On addressing regional inequality through higher education and TV programming


As a manifesto commitment during the 2019 general election campaign, the government promised to address economic differences between parts of the UK. This process came to be known as “levelling up”.

Since 2019, the economic circumstances of the UK have changed. The nation can no longer afford to do everything that may have been promised in the past, mostly because of the actions of the last government (whoever they were).

However, this government, a completely different and brand new government, intend to make good on the promise of “levelling up”. Although, after extensive market research with the public, the government no longer intends to use this exact phrase. Henceforth, the practice of discussing historic inequality in the UK will be known as “levelling with Rishi”.

This government is also committed to prudence in the public finances, in preparation for tax cuts before the next general election. Therefore, the past ambitions of the 2019 manifesto will be reduced in scale.

That manifesto also committed to ensuring “low-quality” university courses contributed to the UK economy. This White Paper outlines the government’s ambitions for enterprise zones across the country underpinned by the innovative work of those in higher education and our world-class media sector, since none of them can tour Europe anymore.

The government is keen to stress the important contribution to be made by all university disciplines. Following the huge success* of the national festival of creativity Unboxed, the government expects our levelling universities to get boxed-in.

[*source needed]

In accordance with budgetary restraint within the public finances, universities will be expecting to undertake any levelling activity within existing financial envelopes.

Equal treatment

As part of the Levelling with Rishi programme, each town, city or region [delete as financially appropriate, following Treasury review] in the UK should have:

At least one detective television series set within its geographical confines featuring scenes shot at a local higher education institution.

Previously, the regional coverage of fictional detectives has been limited to areas of significant aesthetic interest, predominantly located in the south-east of England: Grace (Brighton); Inspector Morse, Inspector Lewis, and Endeavour (Oxford); Luther, Unforgotten and Sherlock (London). 

In recent years, the provision of TV detectives has extended to cover locations previously left behind by commissioning editors, these include: Vera (north east), Happy Valley (Cleckhuddersfax—the A road that connects Halifax, Huddersfield and Cleckheaton), Ridley (wherever that is supposed to be set, could be the Lakes, could be the Dales, it’s hard to tell from the accents), Shetland (who would have thought there were so many murders in such a small place, NB. TV detectives remain a devolved matter under the Scotland Act 1998, which preserved the operational autonomy of Taggart and Hamish MacBeth), and Broadchurch (Dorset, which is probably quite posh but is at risk of voting Lib Dem next time).

The UK government notes and particularly regrets the absence of TV detective shows set in Birmingham, especially given how many seats it holds there.

University media departments will be expected to work with production companies to develop regionally based detective dramas, preferably of six two-hour episodes in length, to be pitched to commissioning editors at BBC and ITV for inclusion in the 2023-24 winter schedules.
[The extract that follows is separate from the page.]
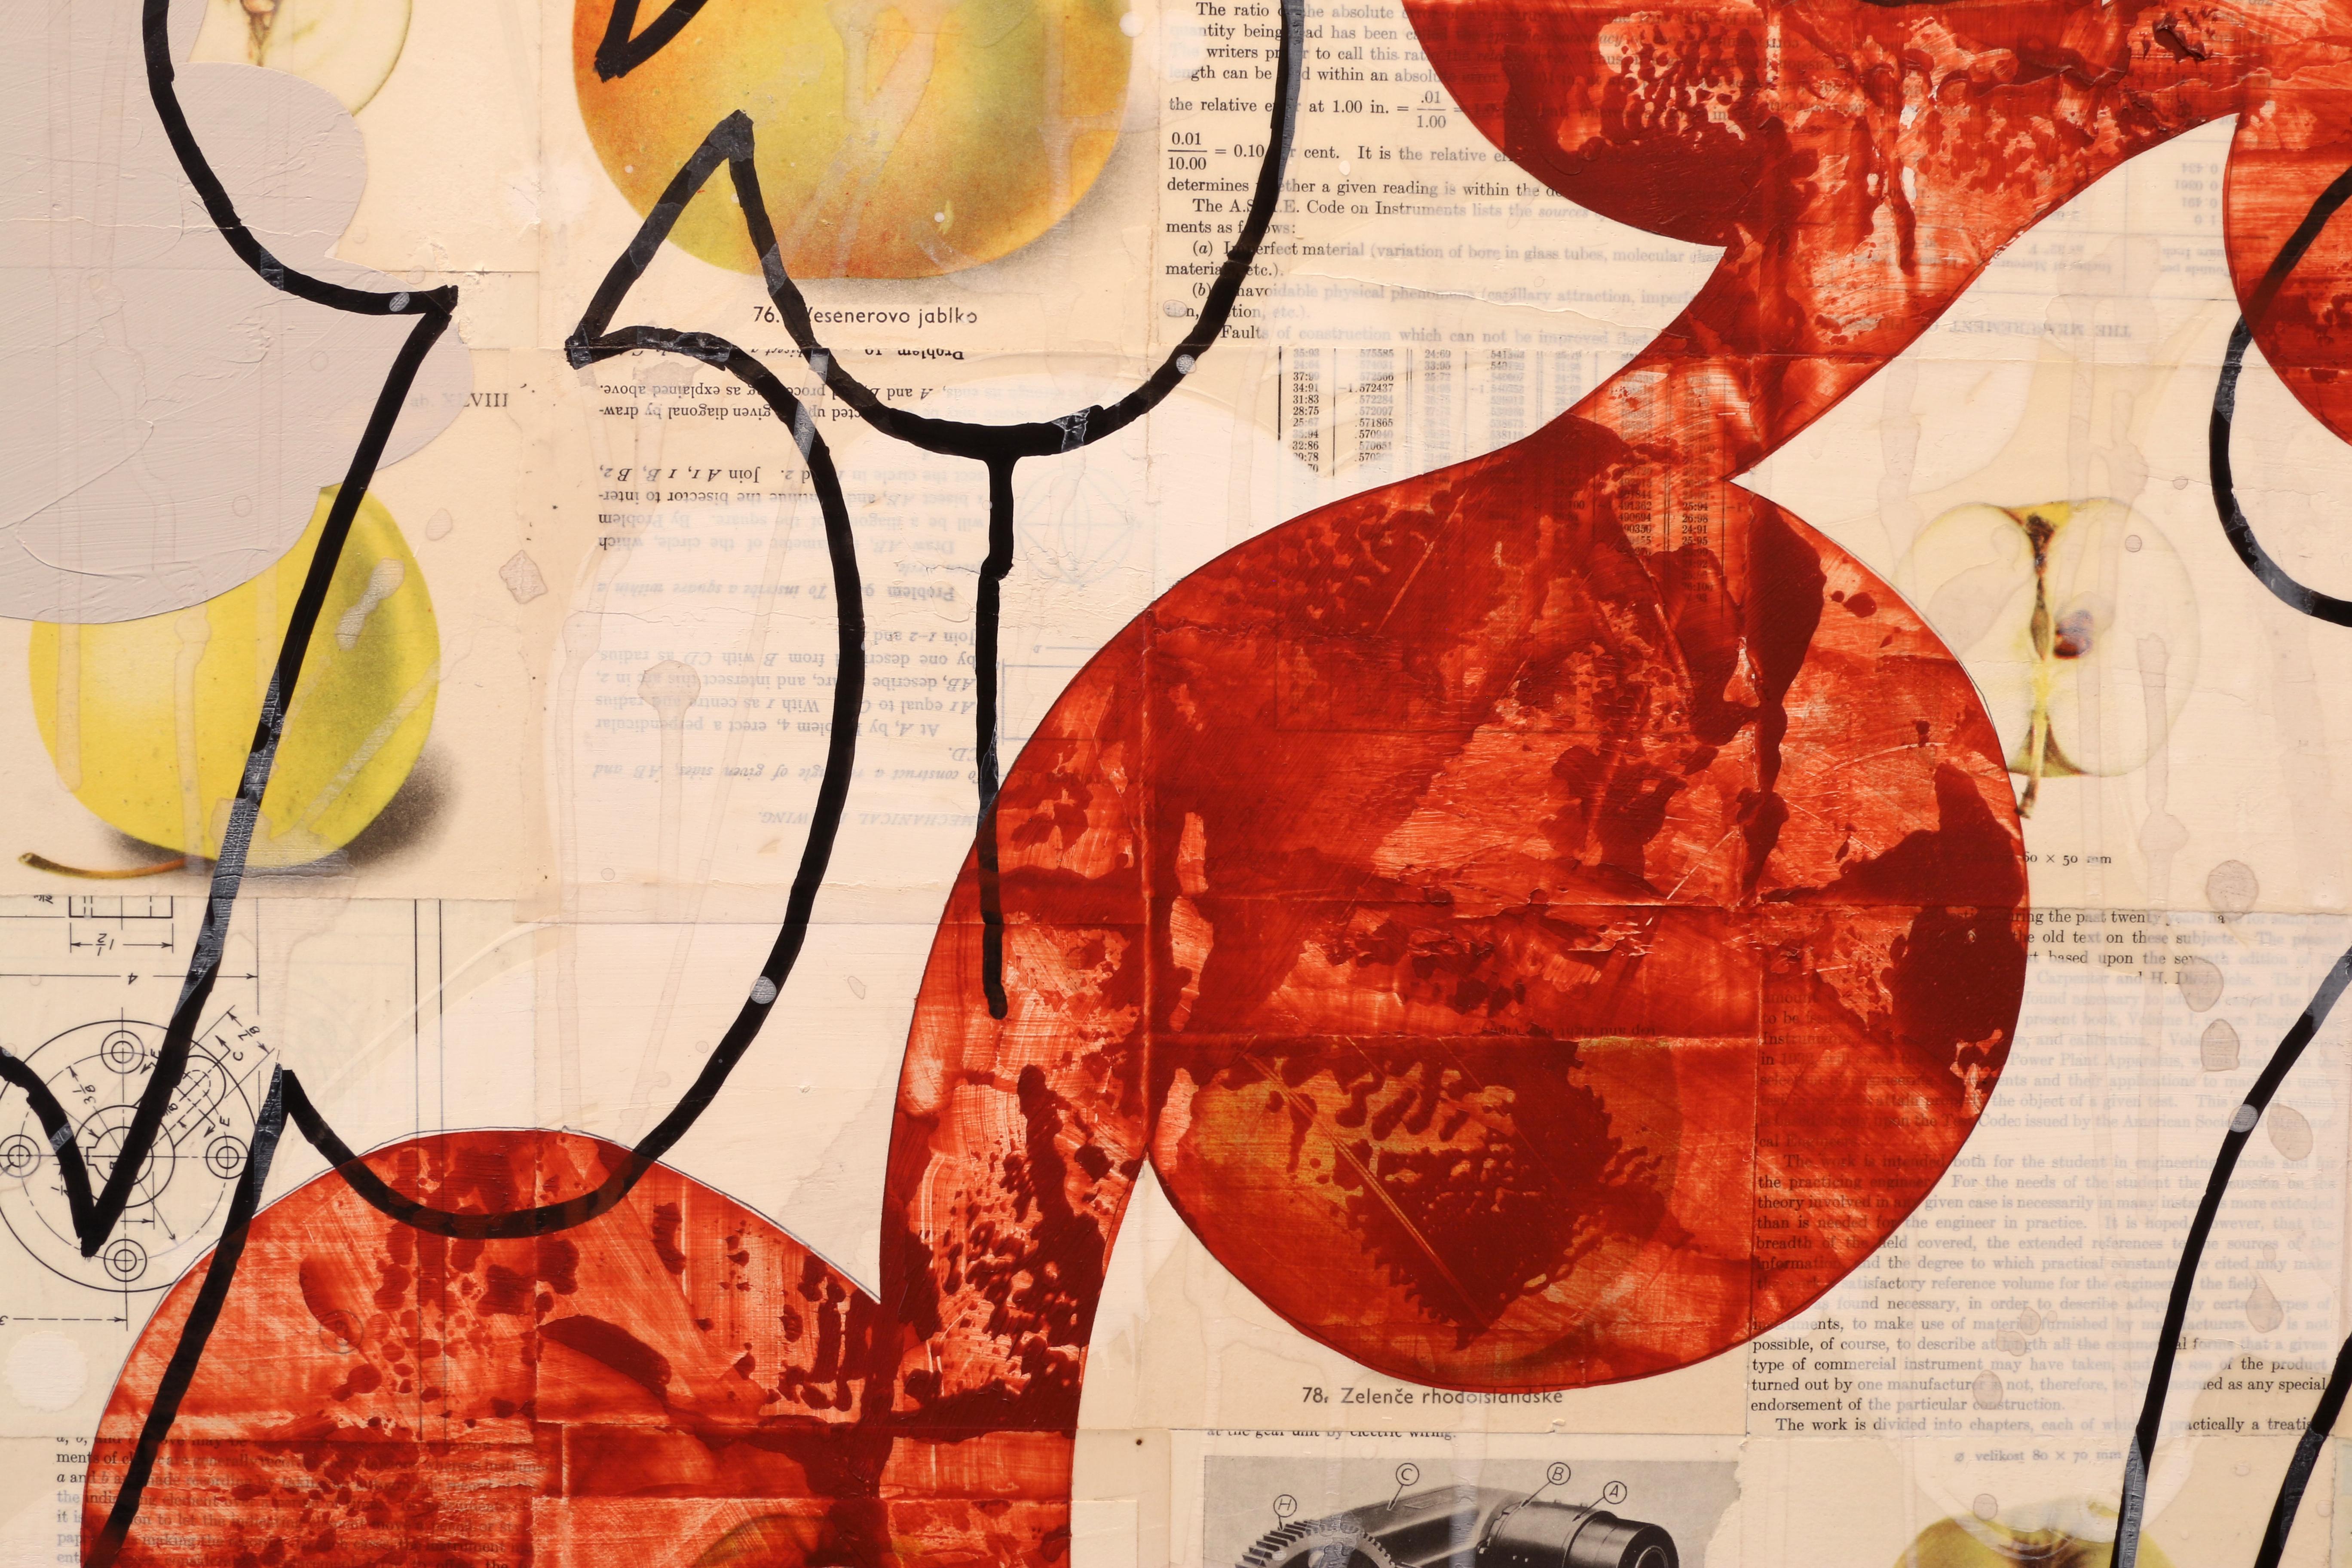 Pyrus Malus II, acrylic, charcoal & found-paper collage on wood panel, 36

Each series should include at least one appearance by Olivia Colman and/or Adrian Dunbar. Funding for fictional detectives and university media departments is not guaranteed beyond the period of the comprehensive spending review, or the next election, whichever is soonest.

Housing supply

Regional communities should also expect: a lord of the manor in a big house providing occasional employment to locals.

Following the success of the prime minister’s own constituency Richmond (no the one in Yorkshire) in securing levelling-up funds, and the investment in local infrastructure resulting from the upgrade of the electricity grid to heat a private swimming pool, this pilot will now be upscaled.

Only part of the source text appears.